Hacker News new | ask | show | jobs
by imiric 637 days ago
> The PR is the thing that gets signed-off on, and the thing that goes through the CI build/tests, so why wouldn't that be the thing kept as an atomic unit?

Because it often isn't. I don't know about your experience, but in all the teams I've worked in throughout my career the discipline to keep PRs atomic is almost never maintained, and sometimes just doesn't make sense. Sometimes you start working on a change, but spot an issue that is either too trivial to go through the PR/review process, or closely related to the work you started but worthy of a separate commit. Other times large PRs are unavoidable, especially for refactorings, where you want to propose a larger change but the history of the progress is valuable.

I find conventional commits helpful when deciding what makes an atomic change. By forcing a commit to be of a single type (feature, fix, refactor, etc.) it's easier to determine what belongs together and what not. But a PR can contain different commit types with related changes, and squashing them all when merging doesn't make the PR itself atomic.

> I don't think I've ever cared about the context for a specific commit within a PR once the PR has been merged.

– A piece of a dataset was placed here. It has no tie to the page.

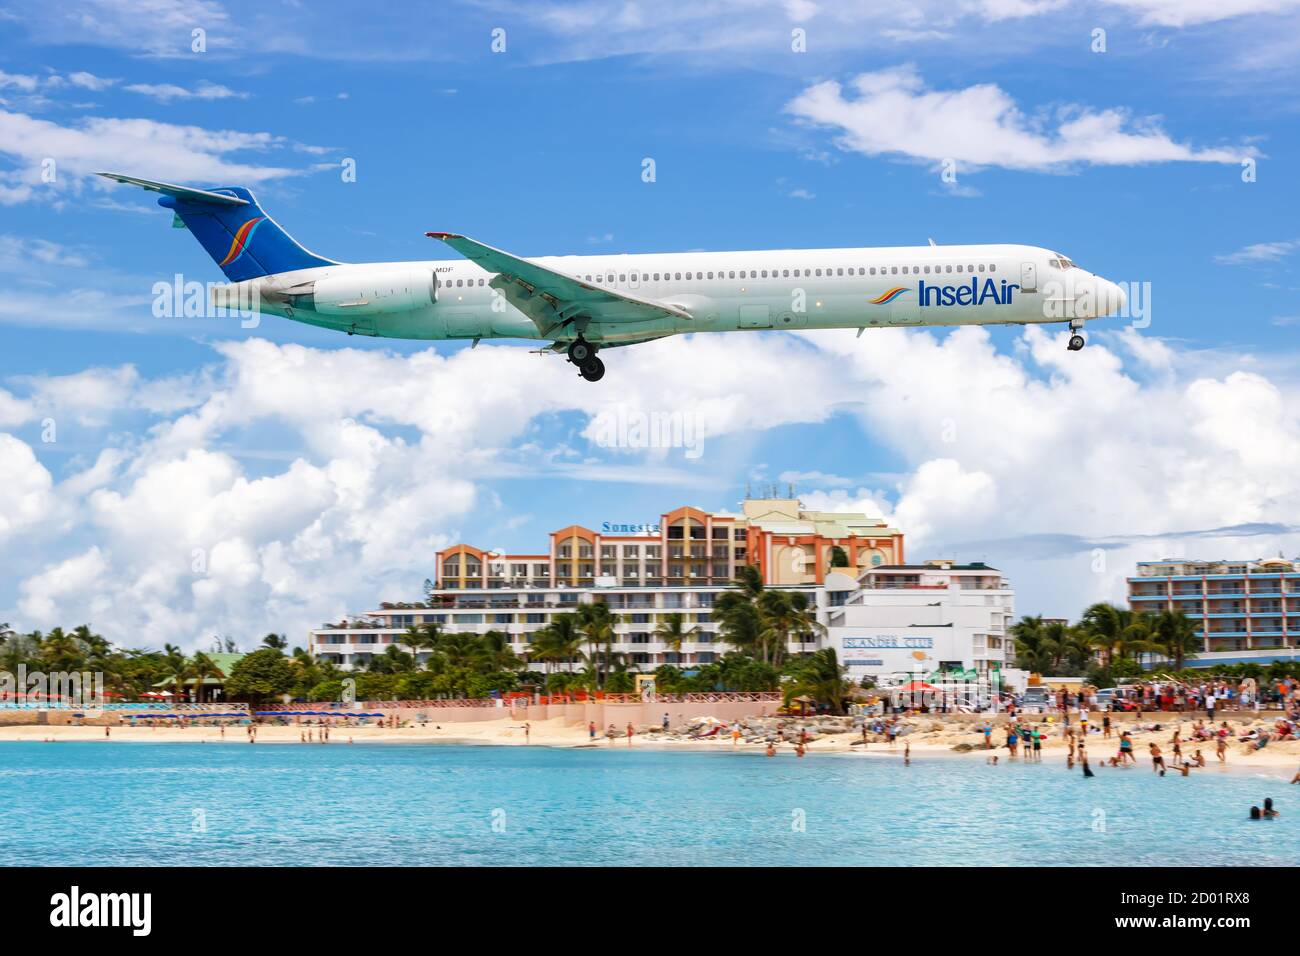 Sint Maarten, Antille Olandesi - 17 settembre 2016: Aereo Insel Air McDonnell Douglas MD-83 all'aeroporto di Sint Maarten, Antille Olandesi Foto Stock

What kind of information do you expect to get out of it?

Oh, plenty. For one, when looking at `git blame` to determine why a change was made, I hope to find this information in the commit message. This is what commit messages are for anyway. If all commits have this information, following the history of a set of changes becomes much easier. This is helpful not just during code reviews, but after the merge as well, for any new members of the team trying to understand the codebase, or even the author themself in the future.

2 comments

> I find conventional commits helpful when deciding what makes an atomic change.

I already know if I’m doing a fix, a refactor, a “chore” etc. Conventional commits just happen to be the ugliest way you can express those “types” in what looks like English.

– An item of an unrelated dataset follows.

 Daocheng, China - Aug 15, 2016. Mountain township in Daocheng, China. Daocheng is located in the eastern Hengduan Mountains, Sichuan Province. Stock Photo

Yeah, well, that's just, like... your opinion, man.

But I've worked with many, many developers who don't strictly separate commits by type this way. I myself am tempted to do a fix in the same commit as a refactor many times. Conventional commits simply suggest, well, a convention for how to make this separation cleaner and more explicit, so that the intent can be communicated better within a team. I've found this helpful as a guide for making atomic changes. Whether or not you write your commit messages in a certain way is beside the point. But let me know if you come up with a prettier way to communicate this in a team.

The prettier way is English.
> Because it often isn't. I don't know about your experience, but in all the teams I've worked in throughout my career the discipline to keep PRs atomic is almost never maintained, and sometimes just doesn't make sense. Sometimes you start working on a change, but spot an issue that is either too trivial to go through the PR/review process, or closely related to the work you started but worthy of a separate commit. Other times large PRs are unavoidable, especially for refactorings, where you want to propose a larger change but the history of the progress is valuable.

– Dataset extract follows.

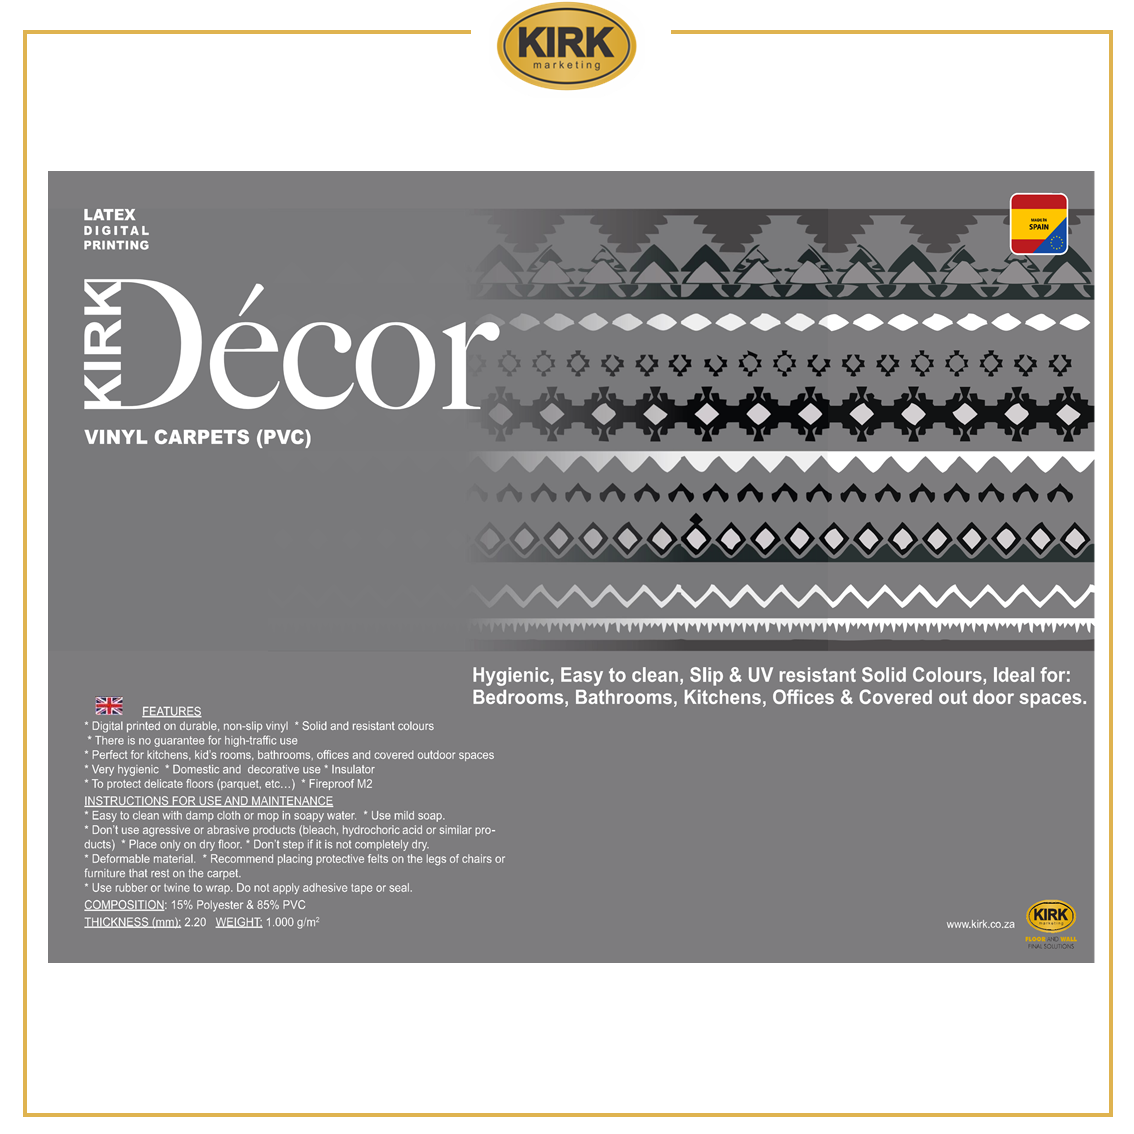 KIRK - DECOR-VINYL-RUGS Catalogue

In my experience at least, PRs are atomic in that they always leave main in a "good state" (where good is pretty loosely defined as 'the tests had to pass once').

Sometimes you might make a few small changes in a PR, but they still go through a review. If they're too big, you might ask someone to split it out into two PRs.

Obviously special cases exist for things like large refactoring, but those should be rare and can be handled on a case by case basis.

But regardless, even if a PR has multiple small changes, I wouldn't revert or cherry-pick just part of it. Just do the whole thing or not at all.

> Oh, plenty. For one, when looking at `git blame` to determine why a change was made, I hope to find this information in the commit message. This is what commit messages are for anyway. If all commits have this information, following the history of a set of changes becomes much easier. This is helpful not just during code reviews, but after the merge as well, for any new members of the team trying to understand the codebase, or even the author themself in the future.

Yeah but the context for `git blame` is still there when doing a squash merge, and the commit message should still be relevant and useful.

My point isn't that history isn't useful, it's that the specific individual commits that make up a PR don't provide more useful context than the combined PR commit itself does.

I don't need to know that a typo was fixed in iteration 5 of feedback in the PR that was introduced in iteration 3. It's not relevant once the PR is merged.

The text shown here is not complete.